FROM penguins to pastries – a cafe in Dorchester has recruited a chef from Antarctica.

Chris Walton has come to The Loft cafe, in Antelope Walk, from the icy depths of the South Pole, where he worked as a chef at a British Antarctic Survey research base.

After spending around 20 years working in restaurants in Weymouth town centre the 41-year-old opted for a change of scenery.

He said: “I’ve worked in quite a few restaurants in the town but it was just too hot and too mundane so when I heard about the opportunity I jumped at it.

“It was in 2009 that I heard an advert on the radio saying ‘chance of a lifetime to work in Antarctica’ and I thought it was too good to pass up.

“The first time I went from November to March, which is summer out there, it wasn’t hotter than minus five the whole time and in the winter it gets down to around minus 46.”

Mr Walton, who lives near the seafront in Weymouth, added: “I loved it so much out there that I went back for another 18 months.

“It was kind of cool the first time I flew over and saw it out the window and saw all the ice sheets and crevasses and masses of blue sky.

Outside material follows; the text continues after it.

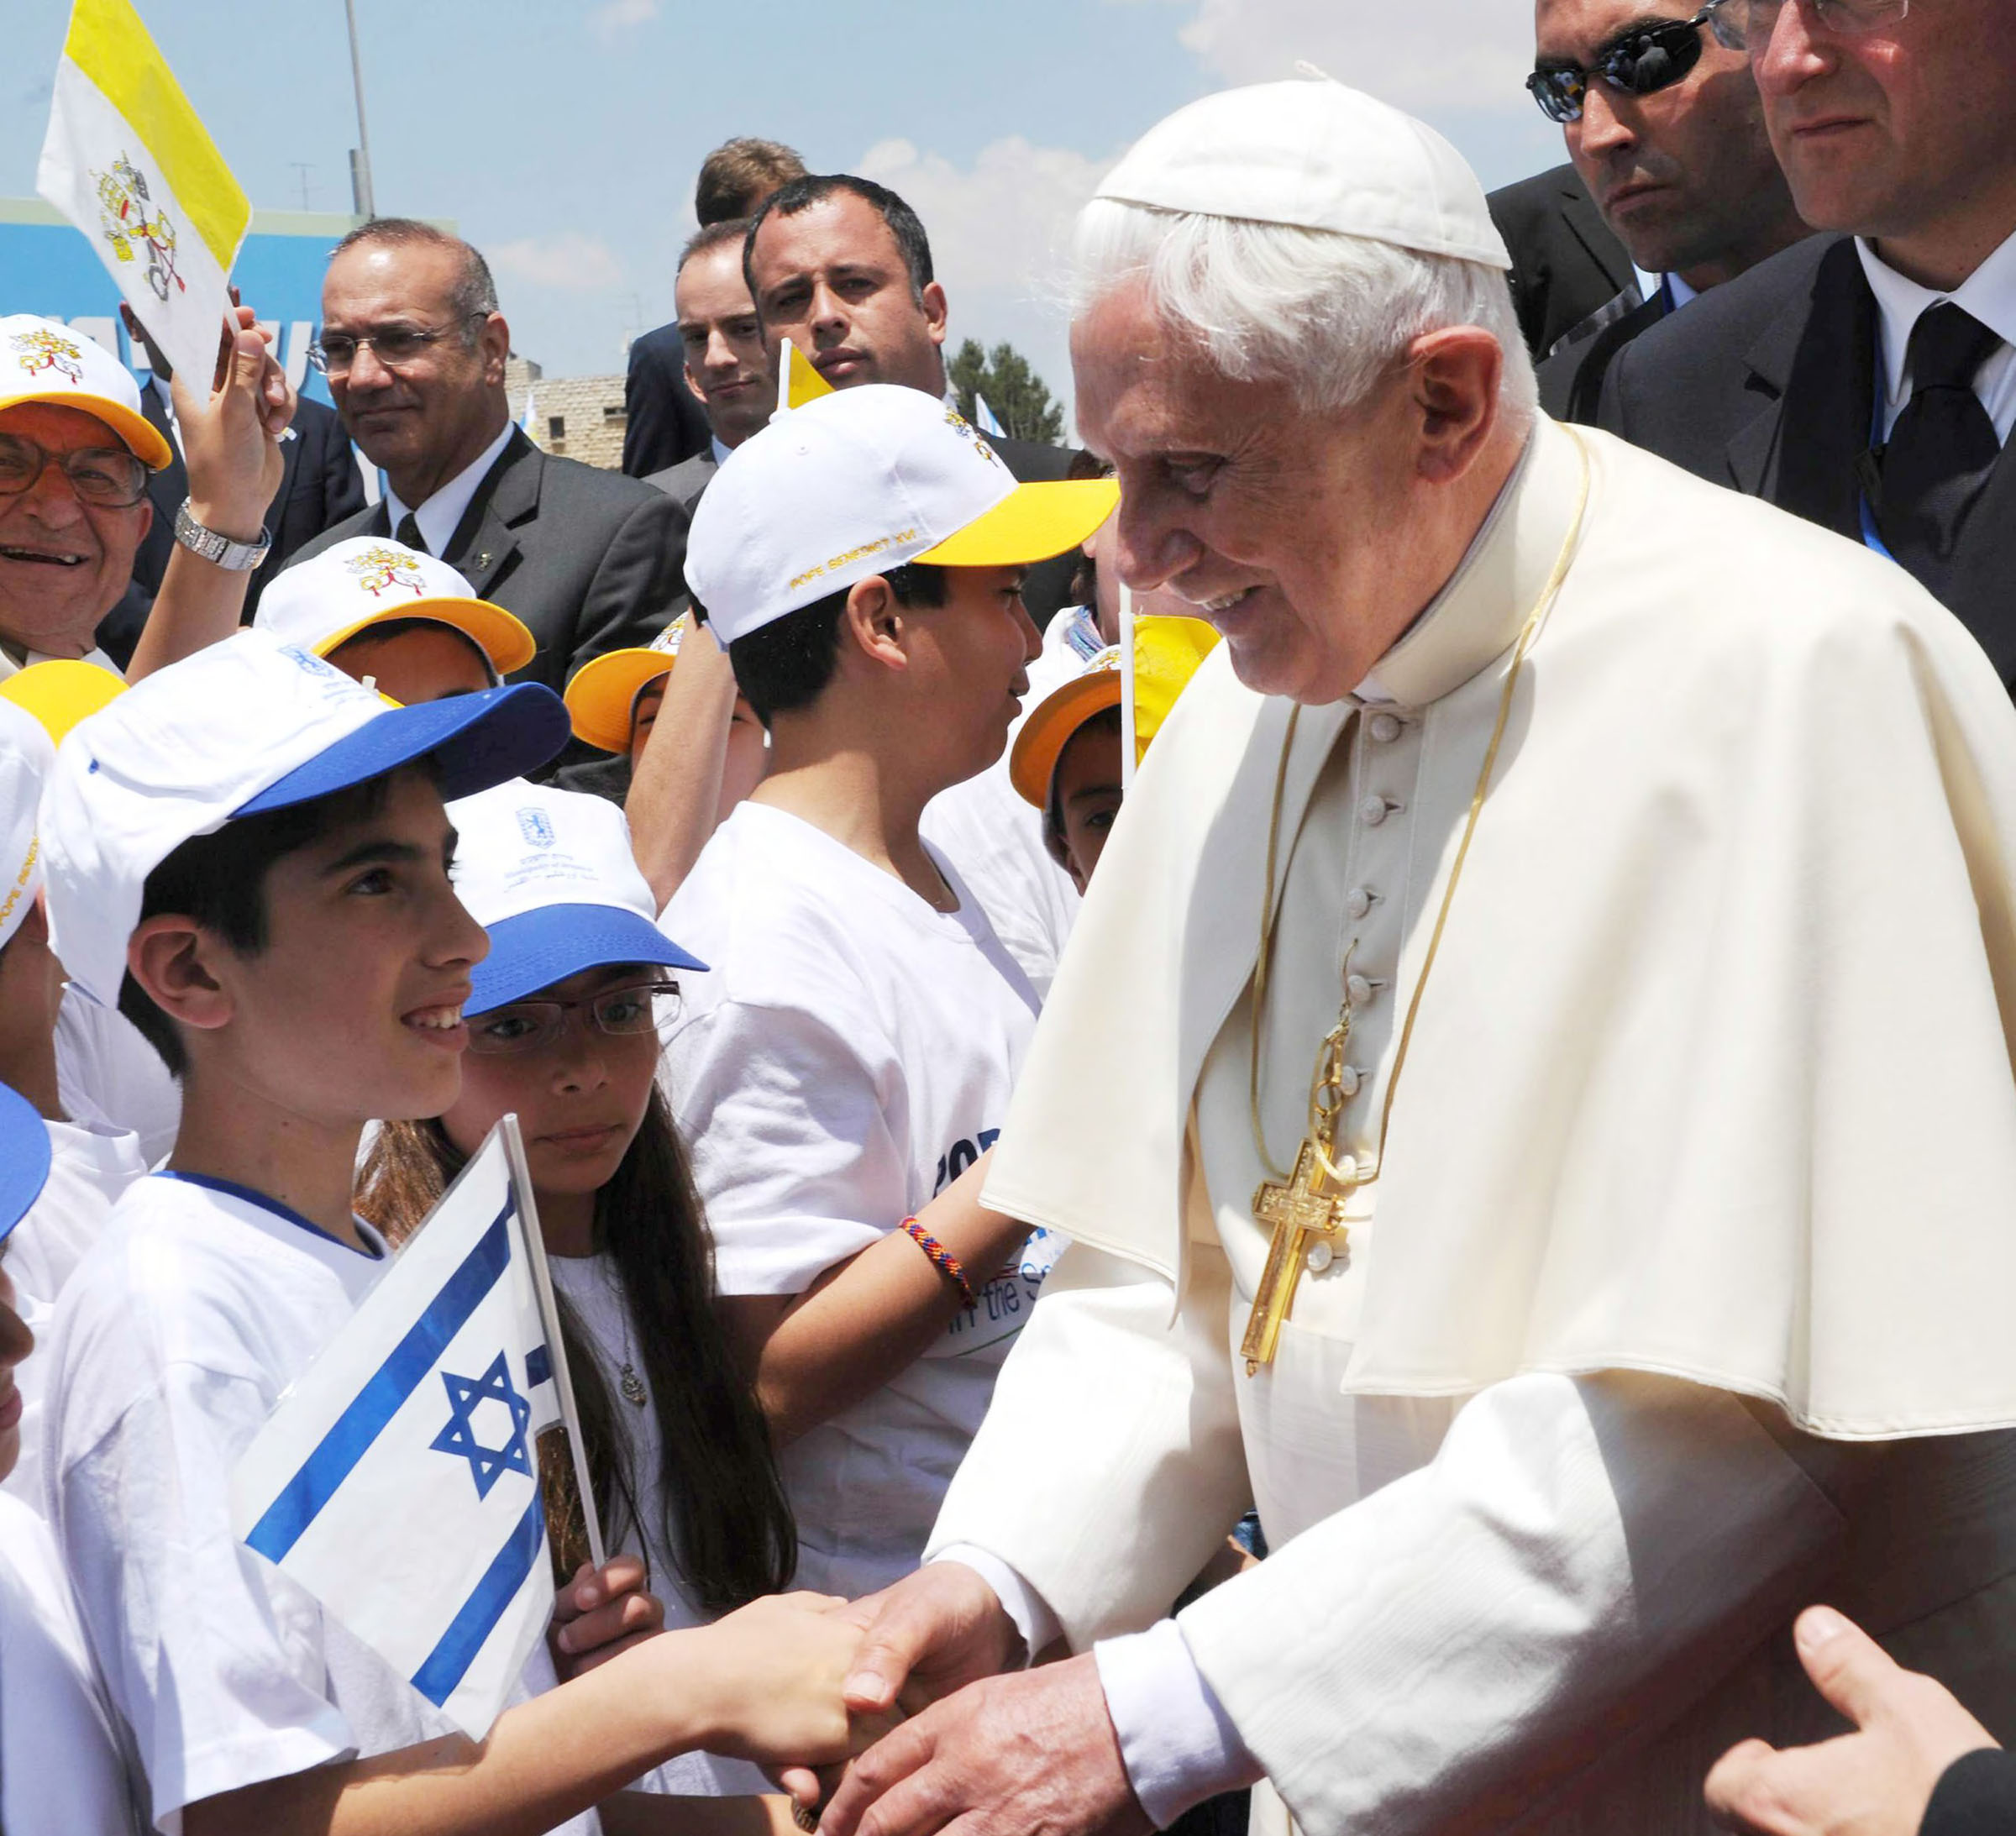 Pope Emeritus Benedict XVI greets children during a visit to Israel in 2009

“We were 16 kilometres from a colony of emperor penguins which was amazing, we got to see them hatching from eggs and then grow into fully fledged chicks – there were 8,000 of them.

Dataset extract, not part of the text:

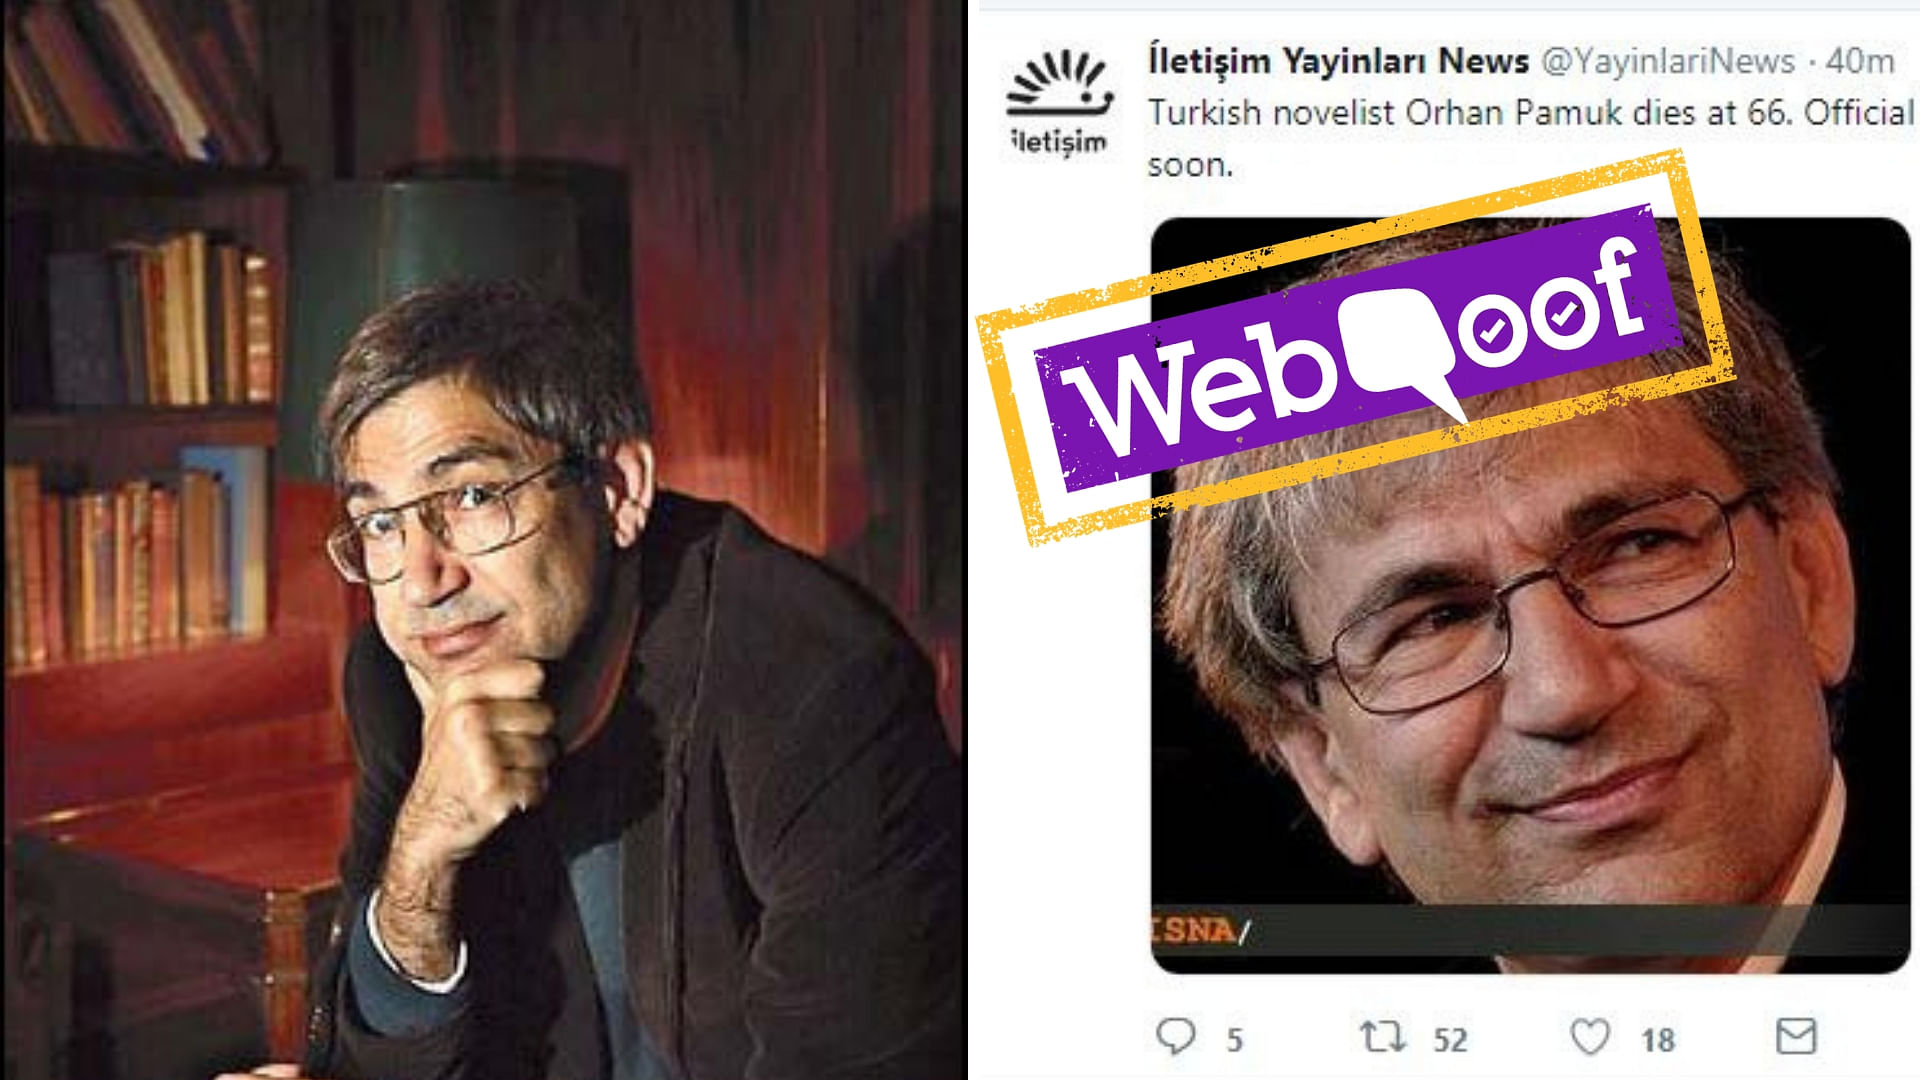 Orhan Pamuk, Nobel Prize-Winning Turkish Author, is Not Dead!

“When we went to visit the colony we had to abseil down a 30-metre ice cliff, your hands are just freezing up while you’re doing it.”

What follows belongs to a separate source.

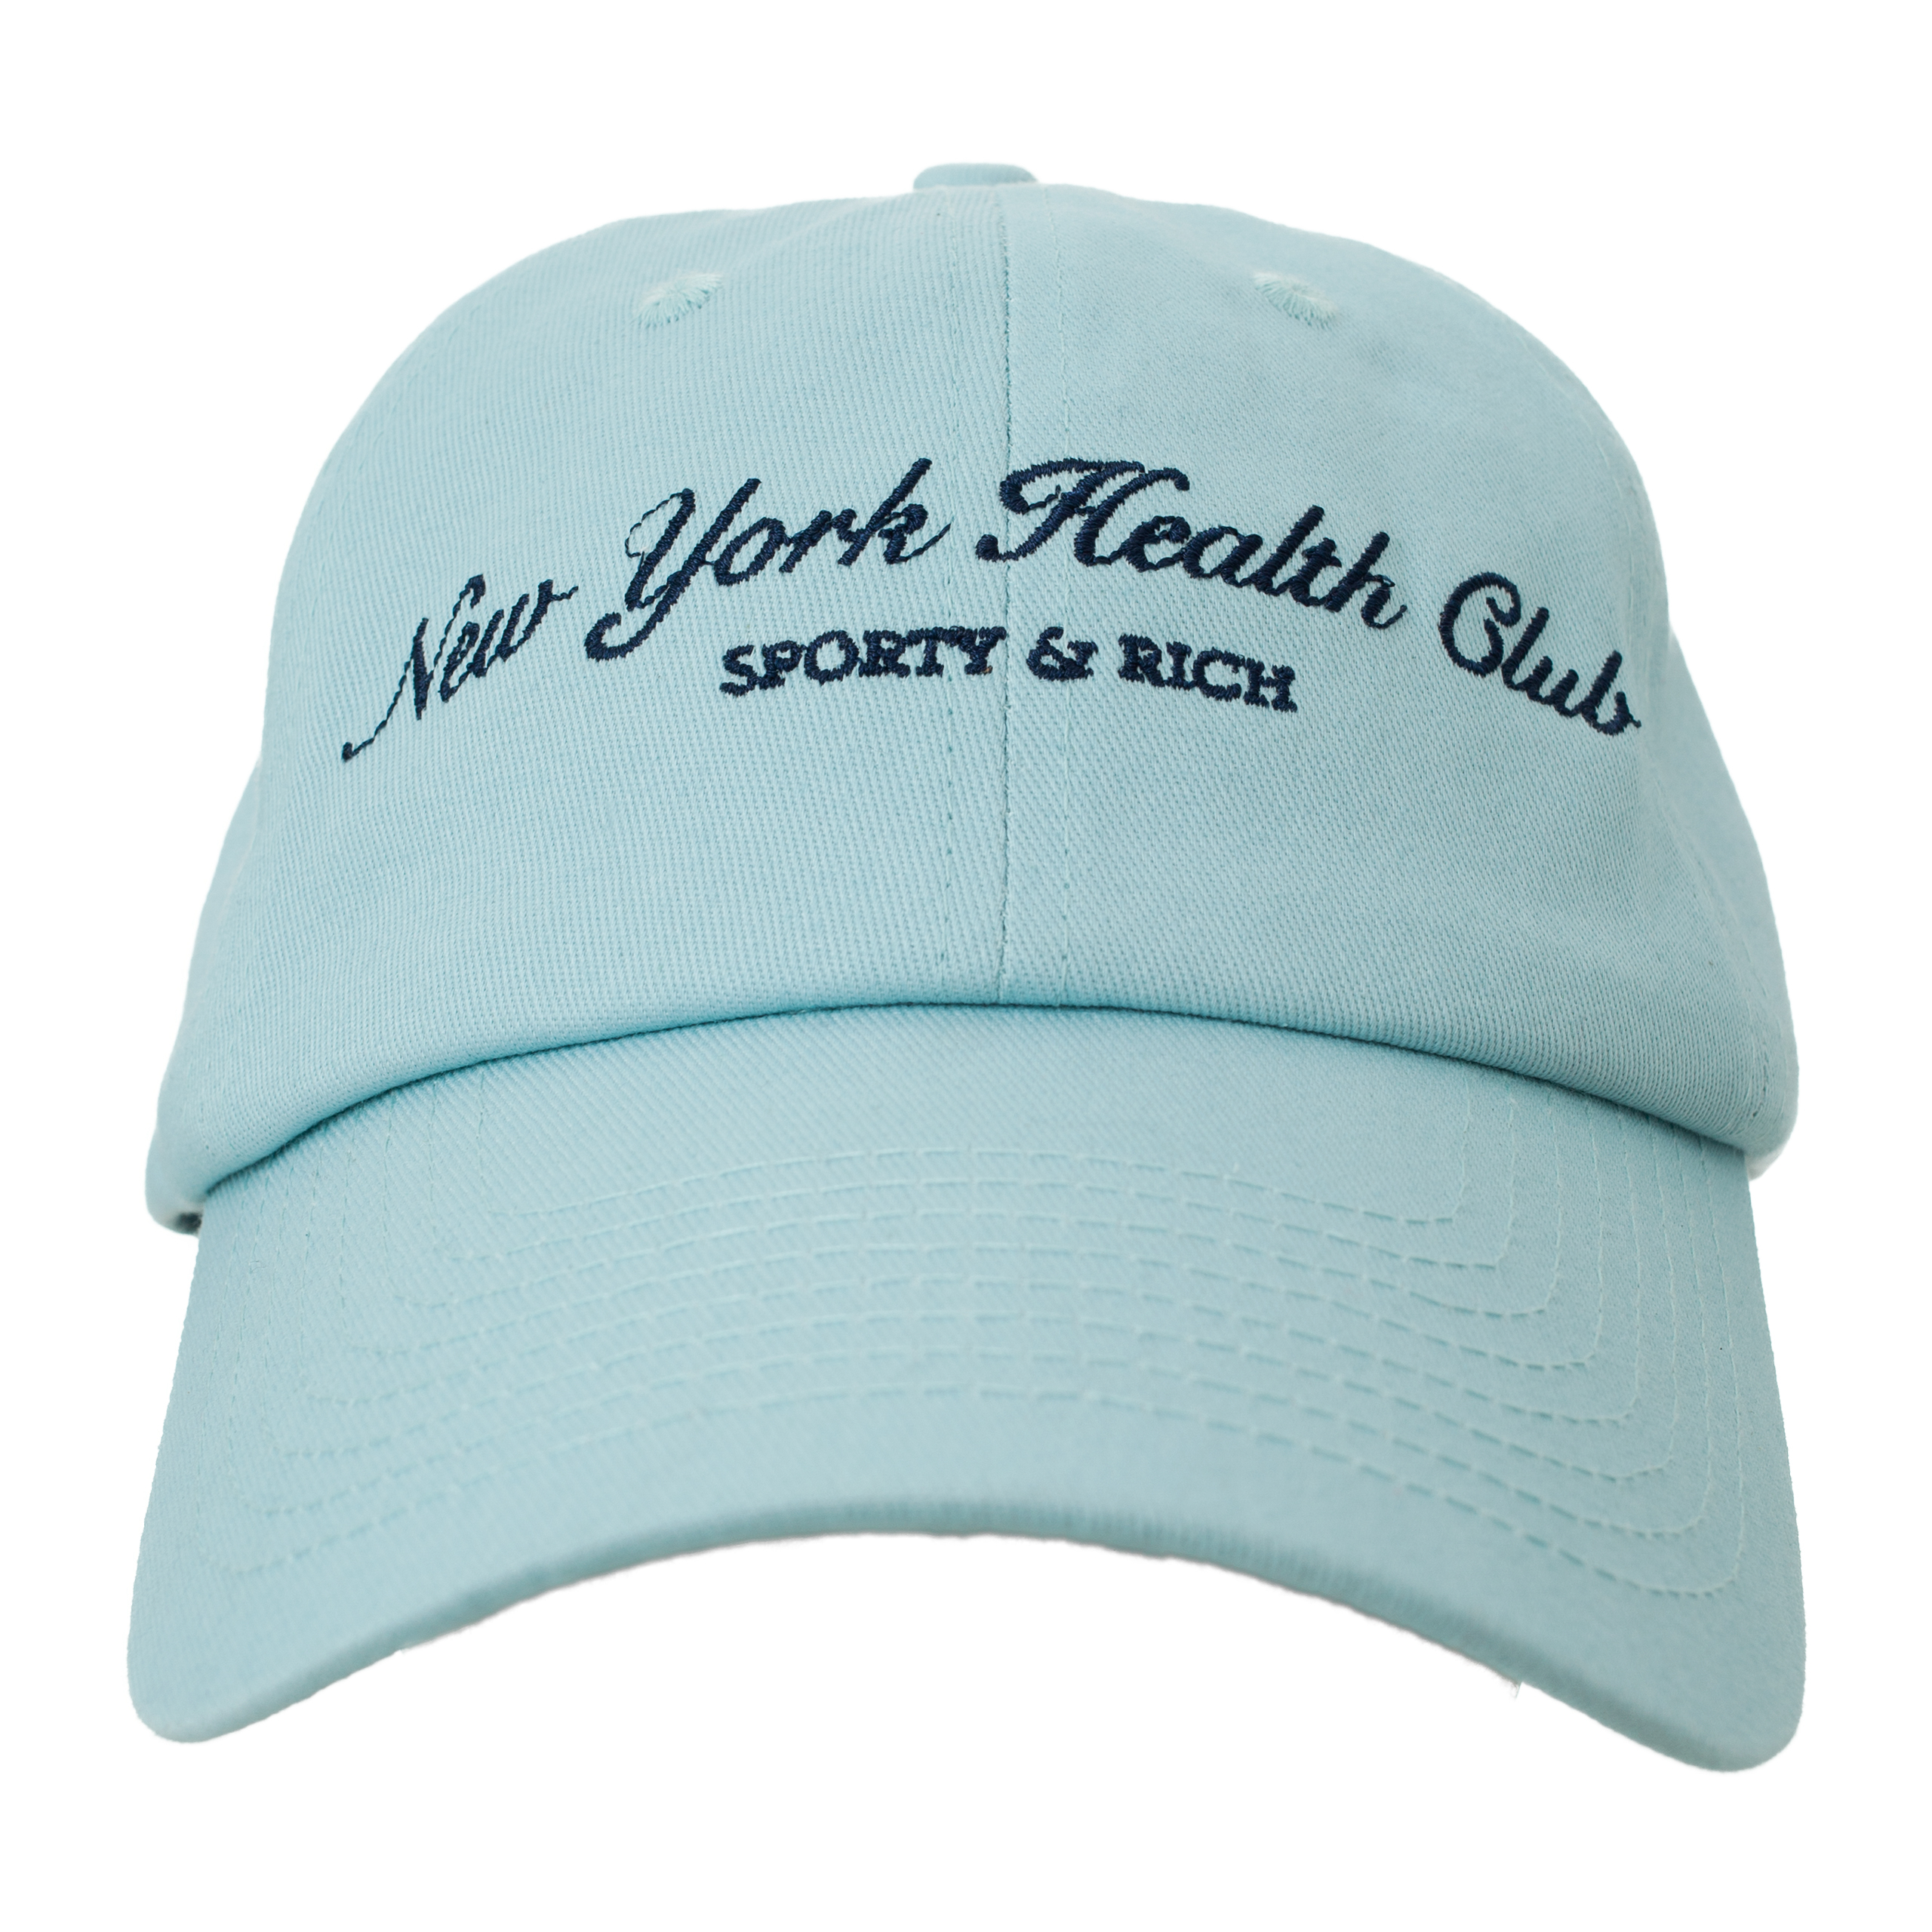 Голубая кепка с вышивкой NY Health Club SPORTY & RICH AC843HO, размер One Size

Mr Walton said: “Coming back home was odd, especially travelling back through Africa and going from minus 20 to 40 degrees in one journey.

“You forget what other people look like because there were only 11 of us out there during the winter.

“It was a bit of a challenge feeding that many people in those conditions, we only got one delivery so if you forgot something you can’t just go down the shop.

“You improvise a lot and make almost everything from scratch.”

Mr Walton will be heading back out to the South Pole in November for another 18 months.